Nusaybinli kadınlar: Onların onbin askeri varsa bizim de onurlu direnişimiz var

09:10

Zehra Doğan/JINHA

MÊRDÎN - Yoğun saldırıların yaşandığı Nusaybin'de sıkıyönetim ilçenin tamamına yayıldı. Tarihten gelen öncü kimliği ile bu günde direnişe öncülük eden Nusaybinli kadınlar, "Onların on bin askeri varsa, bizim de onurlu direnişimiz var. Bu çocuklar dahi, toprak hasretinin ne demek olduğunu iyi biliyor. Öleceğimizi bilsek de bırakmayacağız bu kenti" diyor.

Mardin'in Nusaybin ilçesinde 7'nci kez ilan edilen 'sokağa çıkma yasağı' Fırat, Dicle, Yenişehir ve Abdulkadirpaşa mahallelerinde yoğun saldırılarla sürüyordu. 8. gün ise sıkıyönetim ilçenin geneline yayıldı. İlk günden bu yana sokakları terk etmeyen kadınlar ise direniş zılgıtlarıyla savaş politikalarına karşı ön saflarda yer almaya devam ediyor.

Nusaybin, Cizre, Silopi, Dargeçit ve Sur direnişinin tüm kentlere yayılması gerektiğini kaydeden kadınlar, ancak bu şekilde savaşın son bulacağını vurguladı. Fırat Mahallesi'nde yaşayan Kader Ardahan, "Onların 10 bin askerine karşı, bizim büyük halk direnişimiz var. Türkiye ayağa kalkın ve bu onurlu mücadeleyi selamlayın" çağrısında bulundu.

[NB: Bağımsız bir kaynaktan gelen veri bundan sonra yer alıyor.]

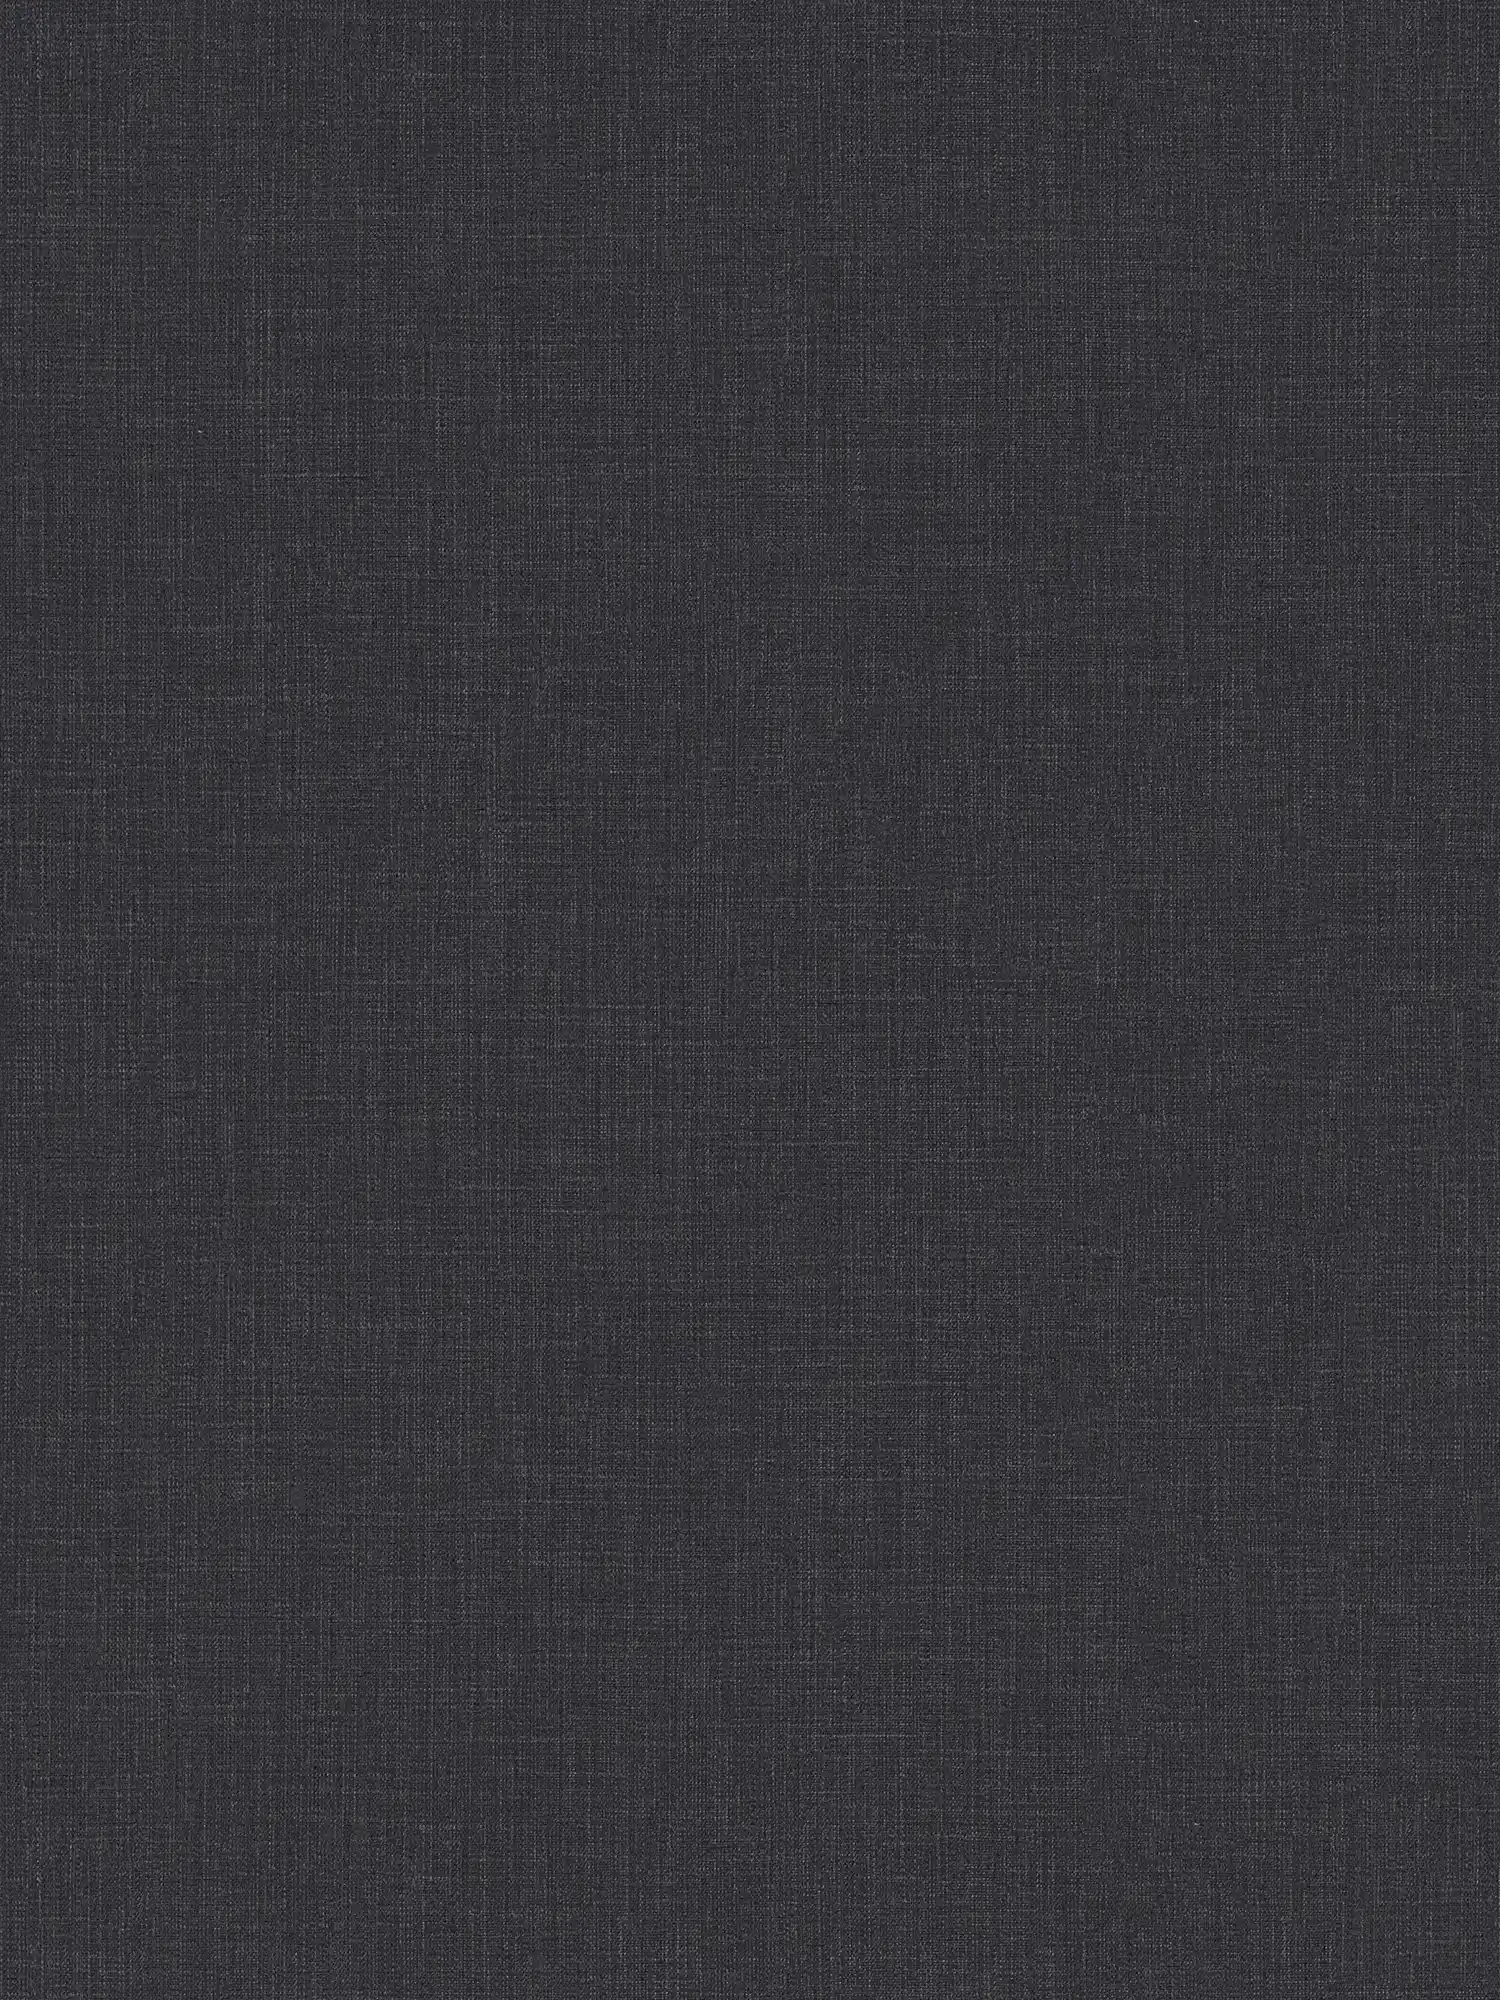 Carta da parati in tessuto non tessuto screziata con aspetto tessile - blu, grigio, bianco

'Topraklarımızı terk etmeyeceğimize göre hepimizi öldürmeyi planlıyorlar'

Kader 3 çocuğunun mahallede olduğunu ifade ederek, "Çocuklarımız burada savaşın içindeyken, topraklarımızı bırakmak onursuzluktur. Nusaybin halkı kepenklerini açmayarak, bu halkın bir bütün olduğunun örneğini gösteriyor. Ama sadece bu kadarı yetmez, eğer bir halk direnişi olması gerekiyorsa bunun tüm mahallede, ilçede ve kentlerde olması gerekiyor. Türkiye halkları ayağa kalkıp, Kürdistan'ı selamlamalı. Topraklarımızda bizi tamamen bitirmeye çalışıyorlar, hiç bir yere gitmeyeceğimize göre hepimizi öldürmeyi planlıyorlar. Bunun olmaması için Türkiye halkının tepkisi büyük olmalı" diye konuştu.

'Anneler haklı mücadeleyi duyurdu'

"Bu topraklarda olduğumuz sürece varız, gidersek zaten yok olmuşuz demektir" diyen Emine Ercik ise çocukların güzel bir dünyada yaşaması için özellikle annelerin mücadele etmesi gerektiğini kaydetti. Emine, "Biz anneler olmasaydık şimdi tüm Kürtler terörist sayılırdı. Bizim de barikatların ardından yeni bir yaşam için mücadele ettiğimizi gören halklar, 'demek ki bu halk halklı bir mücadele yürütüyor' diyor. Biz anneler daha fazlasını başarabiliriz, yeter ki topraklarımızı terk etmeyelim" vurgusunu yaptı.

'Çocuklar mahallelerini terk etmek istemiyor'

5 çocuk annesi Zadina Bayın ise özellikle çocukların topraklarını terk etmek istemediğini belirterek, "Bu çocuklar dahi, toprak hasretinin ne demek olduğunu iyi biliyor. Öleceğimi bilsem de bırakmayacağım bu kenti. Çocuklarımın kendi ana dilinde istediği gibi yaşamasını sağlayana kadar iyi bir yaşam için mücadele edeceğim" dedi.